Cuando presentó su plan de gobierno, el ingeniero Egidio Torre Cantú hizo del conocimiento de todos nosotros un ambicioso proyecto que se denomina Plan Estatal Tamaulipas 2012-2018, y que contiene las líneas básicas de atención que habría que atender, sin que ello quiera decir que otras de menor relevancia sean menos importantes; hay que entender entre prioridades y altas prioridades.
Sin lugar a dudas, y eso lo sabemos casi todos, la salud es y seguirá siendo el renglón prioritario de una administración que establece su plan de gobierno en base a las necesidades de la gente, de ahí que en su gabinete haya echado mano de un elemento que garantice el seguimiento y cumplimiento de las promesas y necesidades de la población.
El secretario del ramo, Norberto Treviño García-Manzo ha conformado a su vez un excelente equipo de trabajo que sigue al pie de la letra las acciones emanadas de las necesidades ciudadanas; el resultado no se ha dejado ver, y algunos indicadores nacionales nos ubican en un lugar de privilegio, lo que realmente no tiene precio, porque cuando un pueblo tiene salud, puede hacer todo cuanto imagine. Sin ella, es simplemente, imposible.

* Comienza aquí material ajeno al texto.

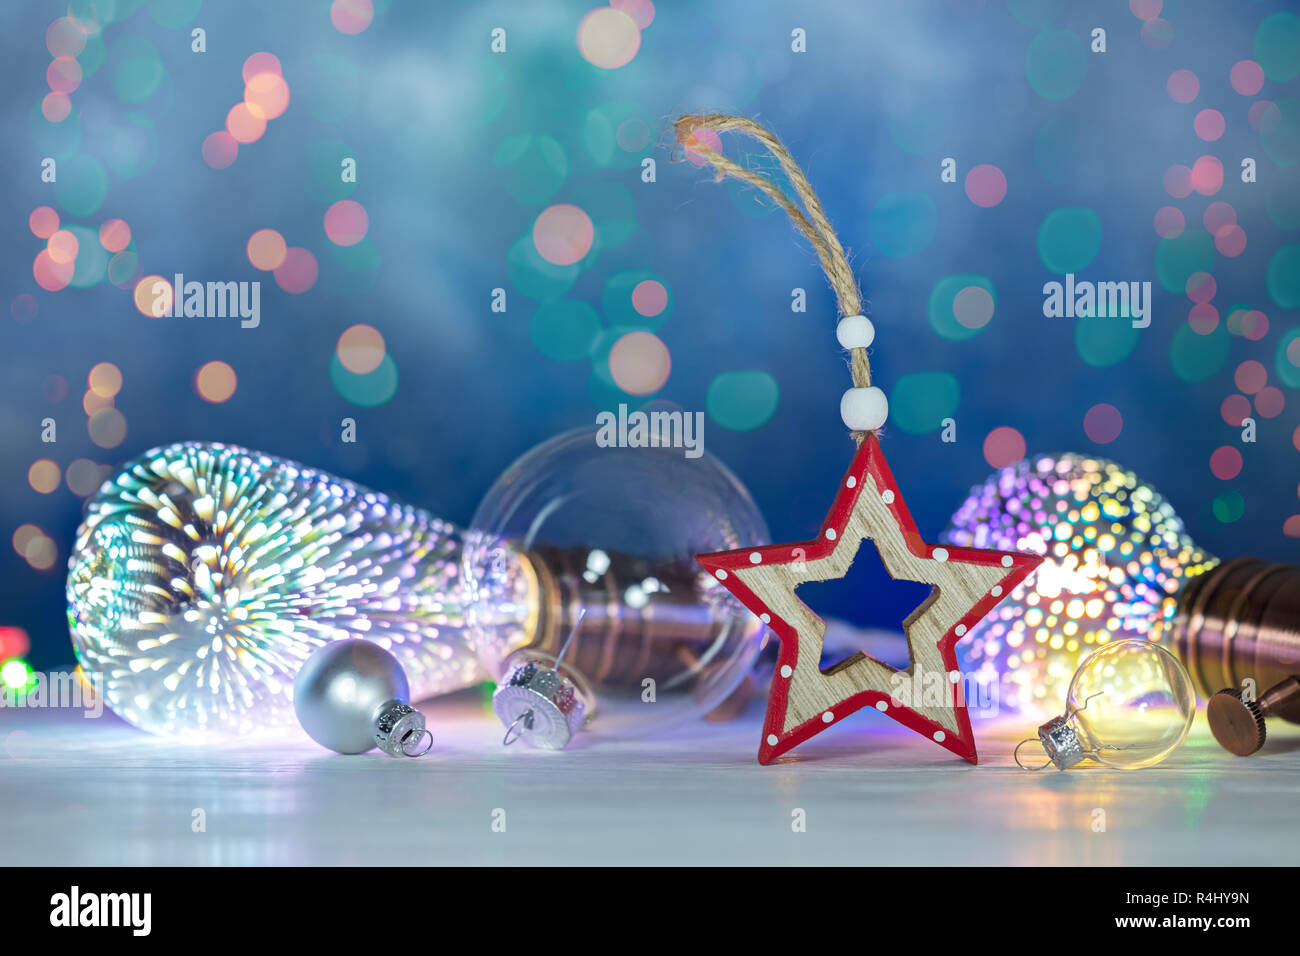 christmas background with retro light lamps, decorative christmas tree balls and wooden star. new year festive background Stock Photo

En la celebración del día de la Enfermera y el Enfermero –por aquello de la equidad de género-, el mandatario hizo el reconocimiento al ejército de “hombres y mujeres de blanco” que forman una significativa parte del equipo de salud, al celebrarse su día; ahí, Torre Cantú hizo anuncios importantes, como el establecer el premio al mérito de enfermería que lleva el nombre de su hermano, el queridísimo doctor Rodolfo Torre Cantú. Un reconocimiento a quien se significó por ser un hombre de bien, y a quienes en forma a veces callada llevan a cabo su labor en bien de los que caemos en alguna sala clínica, buscando la salud perdida parcial o temporalmente.
Son las enfermeras y enfermeros esas personas que, muchas veces, en el anonimato, como comentamos anteriormente, llevan a cabo una labor importante y callada, ya sea vigilando a un enfermo, aplicando una solución o una inyección, suministrando medicamentos, trasladando a alguna sala en especial y muchas cosas más que no alcanzaríamos a escribir, dada la importancia que tienen estos profesionistas en la recuperación del bienestar de cada enfermo.
Los encontramos en las salas de consulta, en quirófano, en consultorios y cada rincón del hospital, caminando por todos sus pasillos buscando el recurso que ayude al paciente.
Ser enfermera o enfermero no es fácil: se requiere de mucha vocación, y es aquí donde cobra especial importancia la formación que en la Facultad de Enfermería de la Universidad Autónoma de Tamaulipas que dirige la Mtra. Cinthia Ibarra; es ahí, en esos salones de clase, donde, aparte de los conocimientos de medicina que deben tener, se les inyecta la pasión por servir a quienes necesitan de ellos o ellas. Son tan importantes como cualquier elemento del equipo multidisciplinario de salud.
El gobernador de Tamaulipas hizo el reconocimiento a los miles de profesionistas de esta apasionante e importante actividad para el desarrollo de cualquier pueblo o nación. De ahí la importancia que tiene el que se vea lo que hacen, y que casi siempre pasa desapercibido, porque nos acordamos siempre del médico tratante, pero del personal de enfermería o los pasantes e internos, prácticamente nunca nos acordamos, cuando son los que se aseguran de que las instrucciones de los médicos se lleven al pie de la letra.
Esa es la importancia de los “descendientes de Florence Nightinghale”, de esos seres vestidos de blanco, en algunos casos con su cofia, y en otros, simplemente de blanco, que, calladamente hacen su importante labor. Es por ello que el gobernador Egidio Torre Cantú honró a este grupo de profesionistas con un premio que lleva el nombre de tan inolvidable tamaulipeco: Rodolfo Torre Cantú.